CPJ is honored to present its 2019 International Press Freedom Award to Brazilian journalist Patrícia Campos Mello.
Patrícia Campos Mello is an award-winning reporter and columnist at the daily Folha de S. Paulo, one of Brazil’s biggest news outlets, and an experienced international correspondent. She has reported on human rights and public health stories in Brazil, including on babies being born with microcephaly as a result of the Zika virus in 2016. She has also reported on the war in Afghanistan, the Ebola epidemic in Sierra Leone, the national elections in India, and migration and the refugee crisis in Syria, Iraq, Libya, Turkey, Lebanon, and Kenya.
From 2006 to 2010, she was the Washington correspondent for the Estado de S. Paulo (Estadão) newspaper. Prior to that, she worked at business and finance publications including Valor Econômico and Gazeta Mercantil.

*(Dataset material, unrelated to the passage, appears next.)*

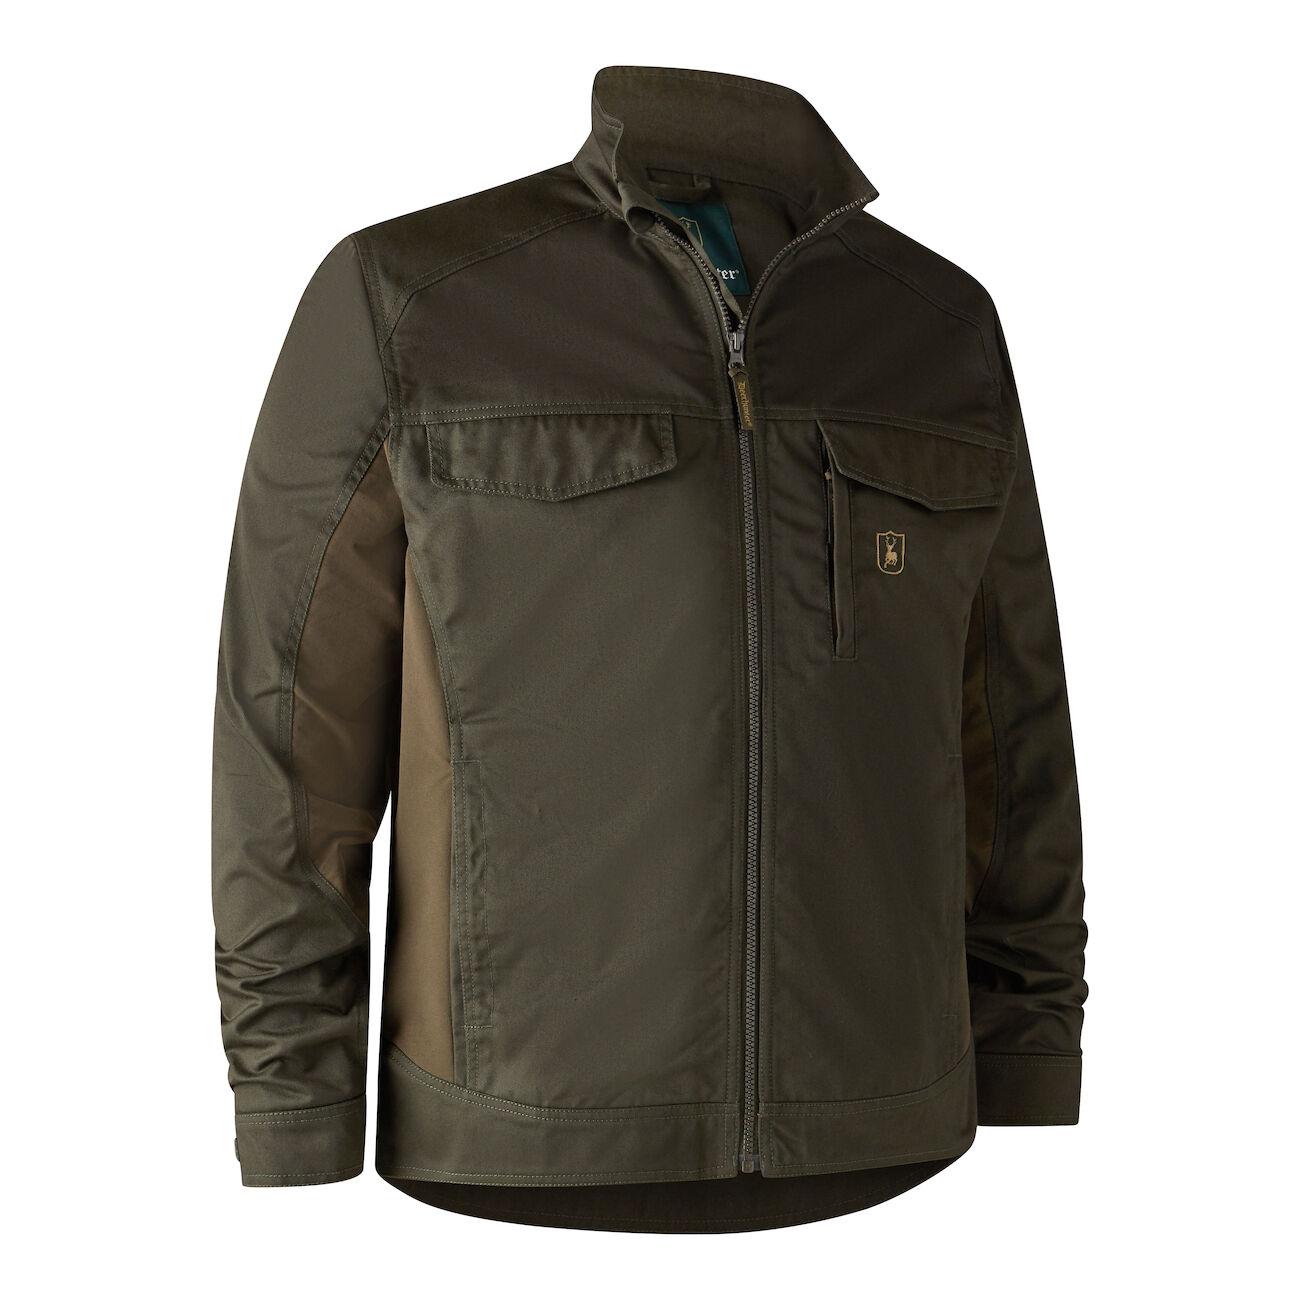 DEERHUNTER Rogaland Stretch Jacket

In late 2018, during the Brazilian presidential election campaign, Campos Mello was attacked online in response to her coverage of allegations about efforts by a group of businessmen supporting then-presidential candidate Jair Bolsonaro to sponsor bulk messaging on WhatsApp related to the campaign. After the stories were published, she was threatened on social media and over the phone. Callers made direct threats against her and her family, and social media users shared doctored photos and fake news stories about her. In addition, details of events in which she planned to participate were shared among hundreds of WhatsApp groups, with calls for Bolsonaro supporters to attend the events and confront her in person. Campos Mello was forced to cancel all public appearances for more than a month, and her newspaper hired a bodyguard for her. A WhatsApp number for the newspaper Folha was flooded with hundreds of thousands of messages related to her reporting.
The attack on Campos Mello was one of the most visible cases of doxxing in a year and election cycle in which dozens of journalists were harassed and criticized for their reporting. “I am more cautious in my approach to people in the new government because I worry they are going to use it against me,” Campos Mello told CPJ in December.
Campos Mello received the King of Spain Journalism Prize and the Petrobras Prize in 2018 and the Red Cross International Committee Prize for humanitarian journalism in 2017.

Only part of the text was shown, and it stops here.